→ **EXERCISE DATA**
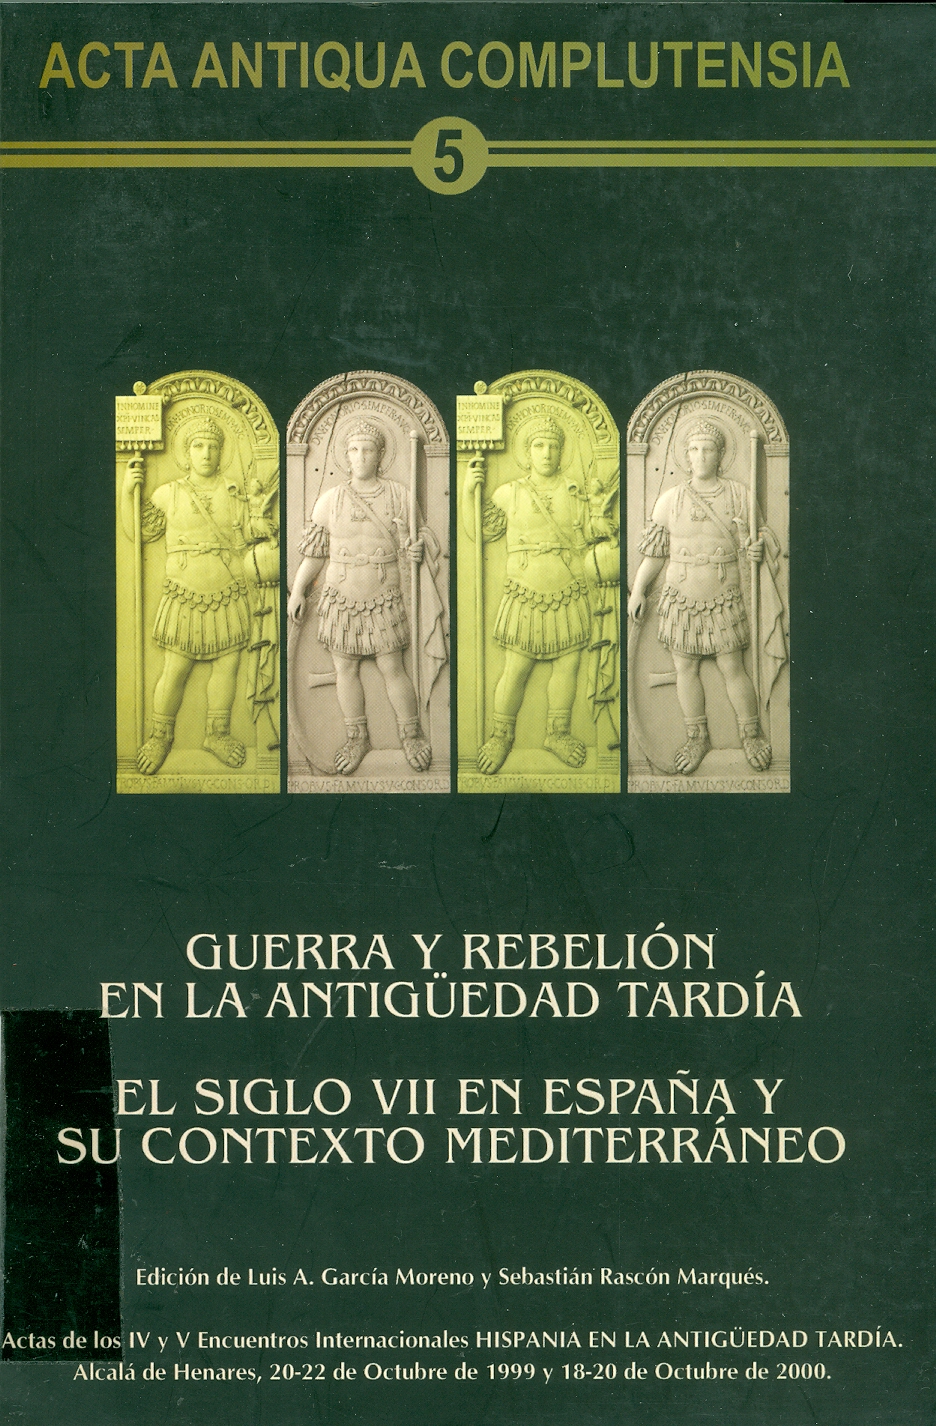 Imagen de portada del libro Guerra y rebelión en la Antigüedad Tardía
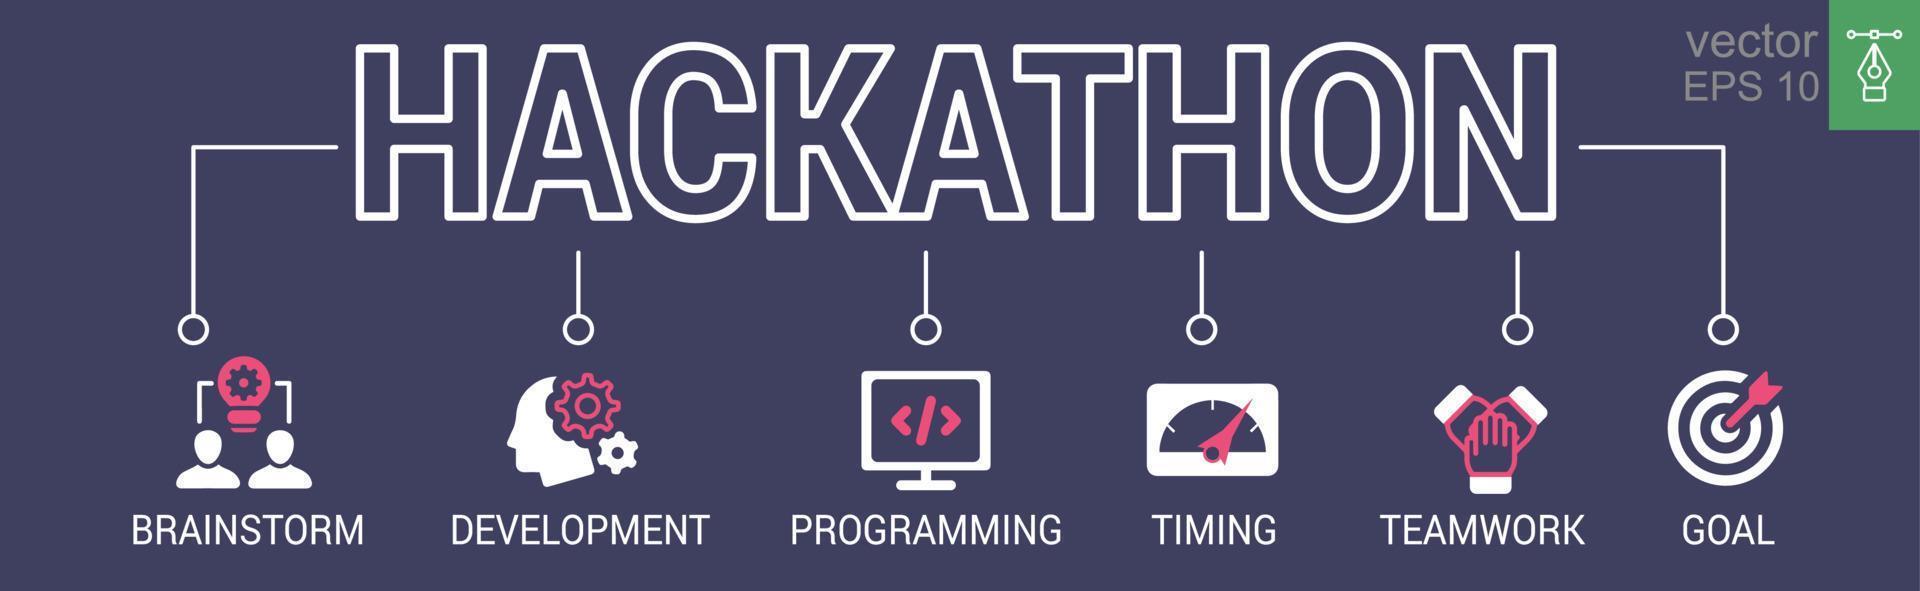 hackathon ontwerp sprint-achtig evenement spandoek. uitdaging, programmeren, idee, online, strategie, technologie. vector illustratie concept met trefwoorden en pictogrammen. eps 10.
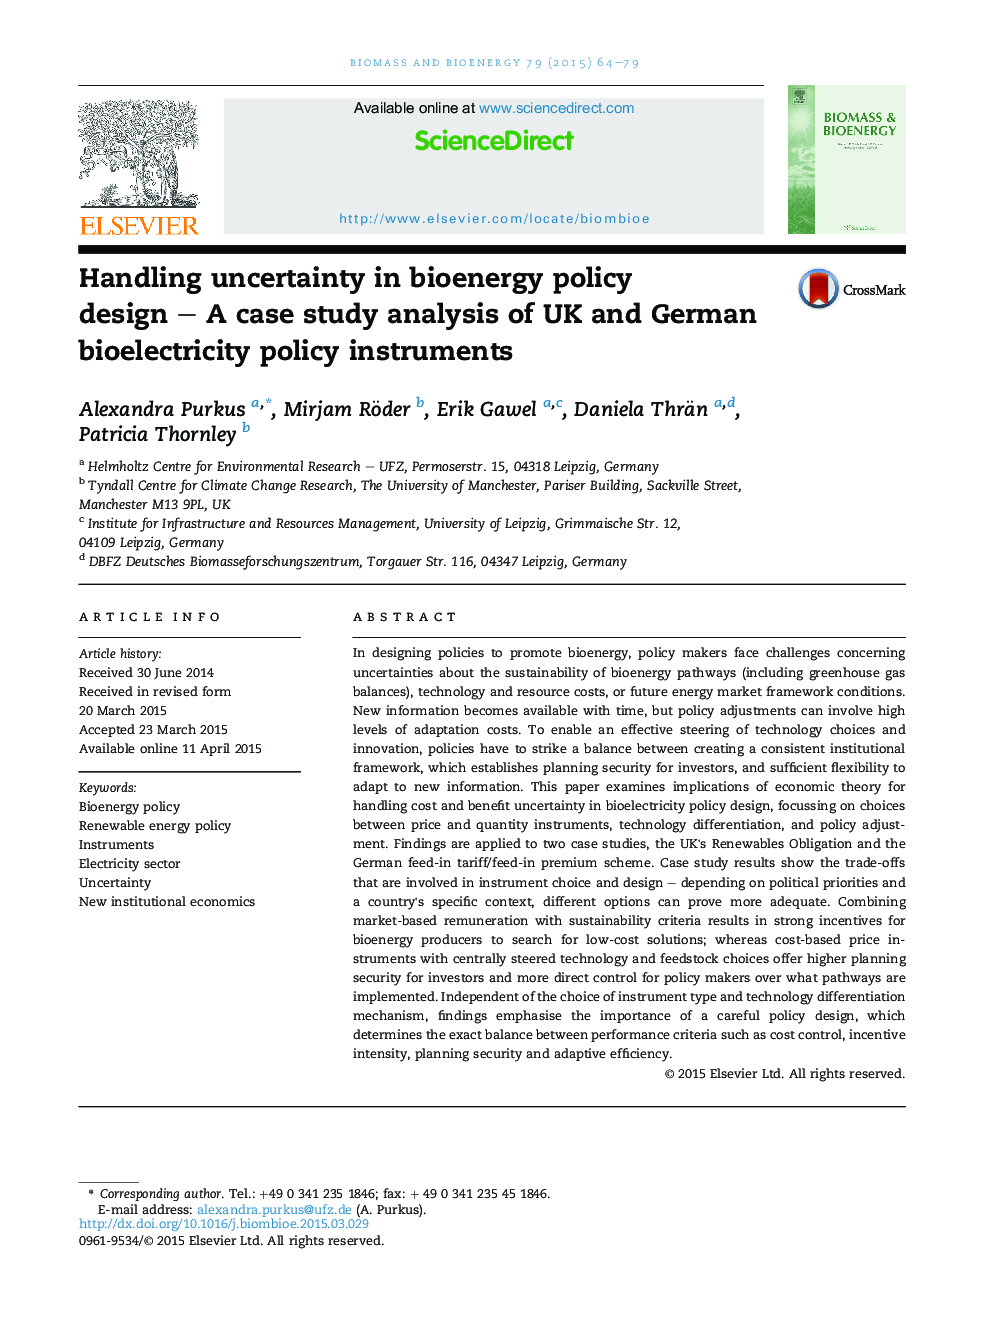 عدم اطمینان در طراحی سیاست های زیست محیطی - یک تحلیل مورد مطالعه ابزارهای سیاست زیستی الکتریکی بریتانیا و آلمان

→ **INSTRUCTIONS TO FOLLOW**
The answer is the listing above restated word for word, pictures removed.

→ **ANSWER TO THIS PROBLEM**
 Imagen de portada del libro Guerra y rebelión en la Antigüedad Tardía
 hackathon ontwerp sprint-achtig evenement spandoek. uitdaging, programmeren, idee, online, strategie, technologie. vector illustratie concept met trefwoorden en pictogrammen. eps 10.
 عدم اطمینان در طراحی سیاست های زیست محیطی - یک تحلیل مورد مطالعه ابزارهای سیاست زیستی الکتریکی بریتانیا و آلمان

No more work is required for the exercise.